In secondary analysis, the influence of calcium intake on colorectal cancer risk according to CASR expression stratified by sex was examined. We also considered separately the intake source of calcium and anatomic subsites. Considering that vitamin D plays an important role in calcium absorption and homeostasis,³² we evaluated the association between calcium intake and risk of colorectal cancer according to joint classification of tumor CASR and VDR expression status. All analysis were performed using the SAS software (SAS Institute, Version 9.2, Cary, NC), and a two-sided P value of 0.05 was considered statistically significant.

Results

Baseline characteristics of study participants

Among the 88,510 eligible women and 47,740 eligible men reporting baseline calcium intake, participants with lower total calcium intake were more likely to be current smokers, consumed more alcohol, and tended to have higher intake of red meat, processed meat, and fat, but less vitamin D, folate, and phosphorous consumption (Table 1). In NHS, women who consumed less calcium were slightly less physically active compared to those with higher calcium intake. In HPFS, men with lower calcium intake were less likely to have a history of sigmoidoscopy/endoscopy. In addition, the characteristics of cases with available CASR expression data were similar to those without CASR expression data (Supplementary Table 1).

Table 1.

Baseline characteristics of participants by frequency of total calcium intake in the Nurses’ Health Study (1980) and Health Professionals Follow-up Study (1986)

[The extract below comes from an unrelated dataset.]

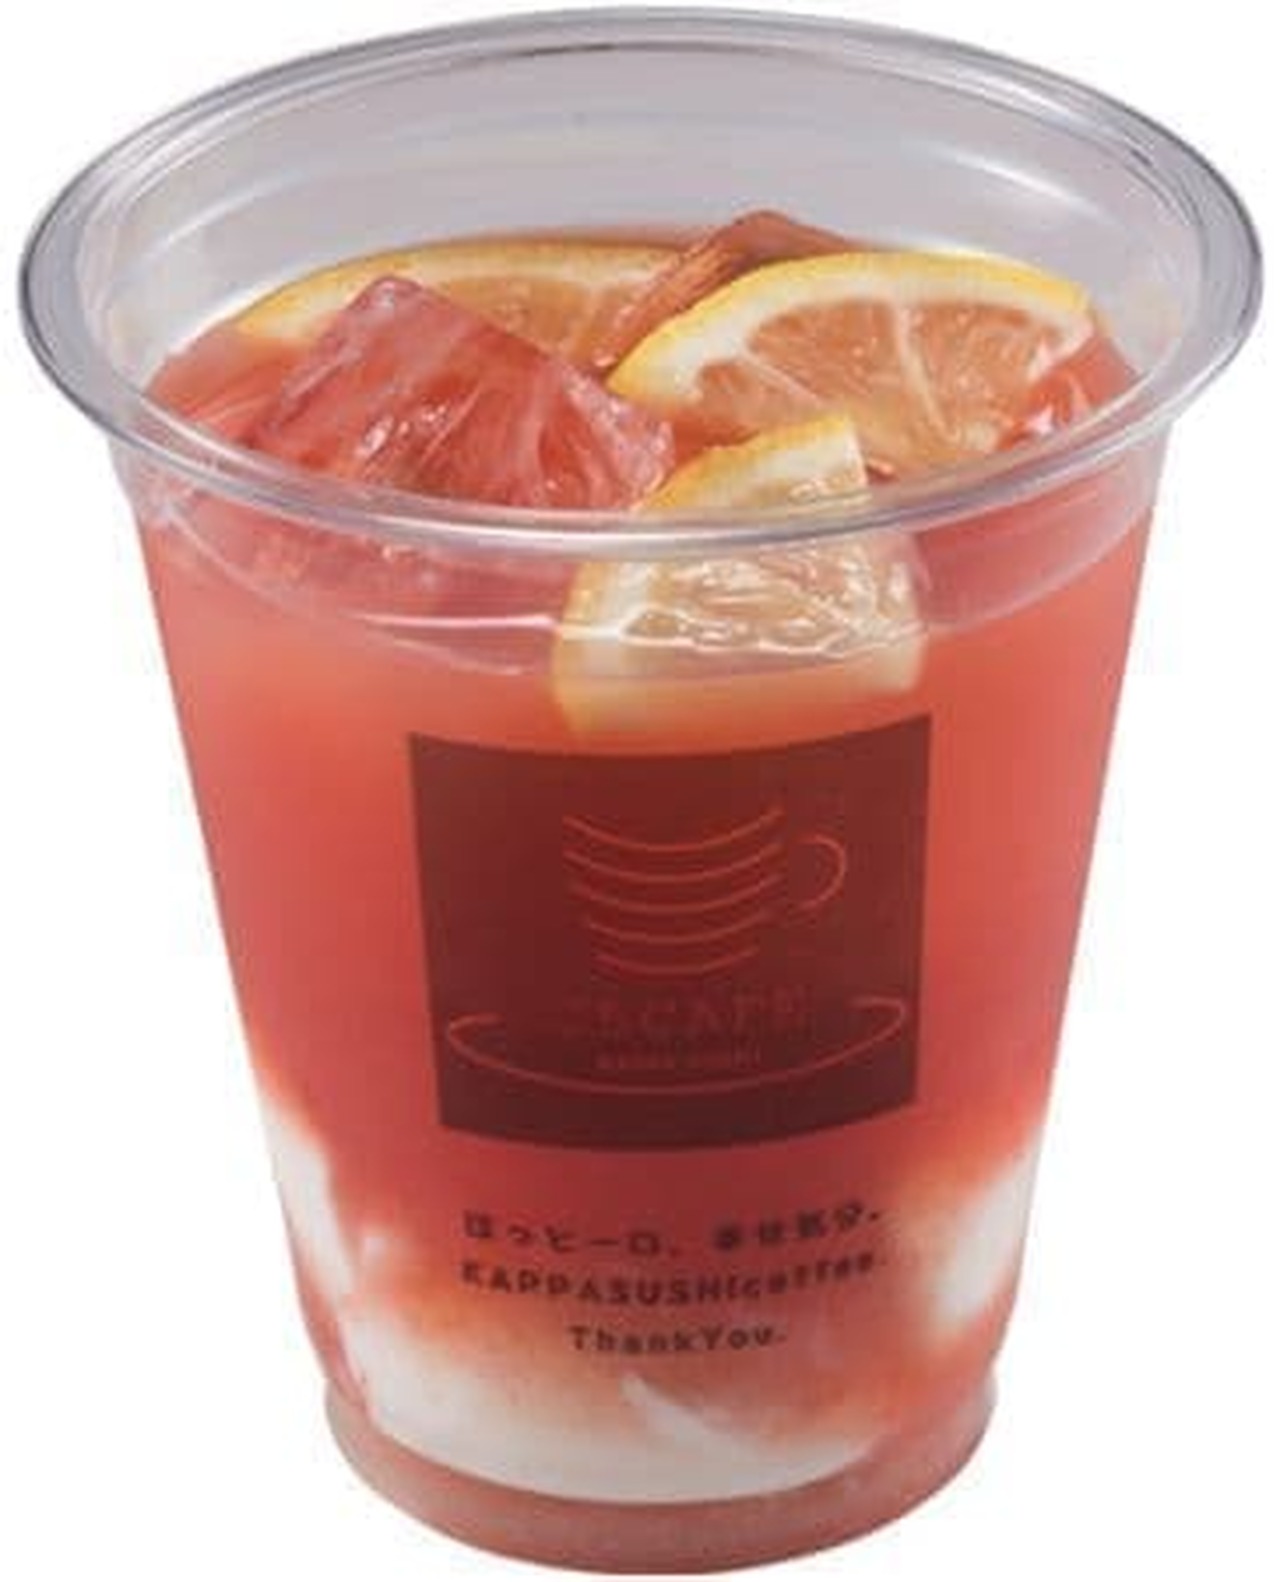 Kappa Sushi "Apricot kernel watermelon juice in-store preparation"

	Total calcium intake (mg/day)
	<800	800–999	1000–1199	≥1200
Women (Nurses’ Health Study)
No.	58,428	14,733	8,326	7,022
Age, years^*	46.6(7.1)	46.8(7.3)	46.7(7.4)	47.1(7.4)
White, %	97.1	98.3	98.4	98.2
Body mass index, kg/m²	24.0(4.2)	24.1(4.1)	24.2(4.1)	24.4(4.4)
Activity, MET-hours/week	13.2(18.8)	15.2(21.5)	15.3(21.0)	16.2(26.4)
Family history of colorectal cancer, %	7.8	7.9	7.9	7.7
Regular aspirin use (2 or more tablets/week), %	33.3	32.7	31.4	30.6
Past smoking, %	26.8	29.2	28.9	28.5
Current smoking, %	30.1	26.4	26.0	26.1
Multivitamin use, %	30.7	37.9	40.6	45.0
History of sigmoidoscopy/endoscopy, %	10.0	10.0	10.6	10.4
Postmenopausal status, %	44.6	44.2	43.9	44.8
Postmenopausal hormone use, %	18.4	18.8	19.3	19.2
Total energy intake, kcal/day	1562(501)	1565(518)	1602(481)	1568(497)
Dietary calcium intake, mg/day	554(143)	883(71)	1078(88)	1376(263)
Dairy calcium intake, mg/day	295(138)	595(113)	791(132)	1082(287)
Supplemental calcium intake, mg/day^¶	46(73)	144(140)	228(189)	436(325)
Alcohol, g/day	7.1(11.4)	5.5(8.8)	4.8(8.1)	3.9(7.2)
Total folate intake, µg/day	333(233)	399(253)	417(261)	502(504)
Total vitamin D, IU/day	267(234)	377(252)	451(268)	606(488)
Red meat, servings/week	2.9(2.2)	2.1(1.7)	1.9(1.5)	1.5(1.4)
Processed meat, servings/week	1.3(1.9)	1.0(1.6)	0.9(1.6)	0.7(1.2)
Total phosphorous, mg/day	1030(175)	1262(164.4)	1403(169)	1636(242)
Total fat, g/day	72.0(13.8)	66.9(12.8)	64.9(12.8)	61.9(13.6)
Total fiber, g/day	16.3(6.0)	18.1(6.9)	17.9(6.9)	17.6(7.4)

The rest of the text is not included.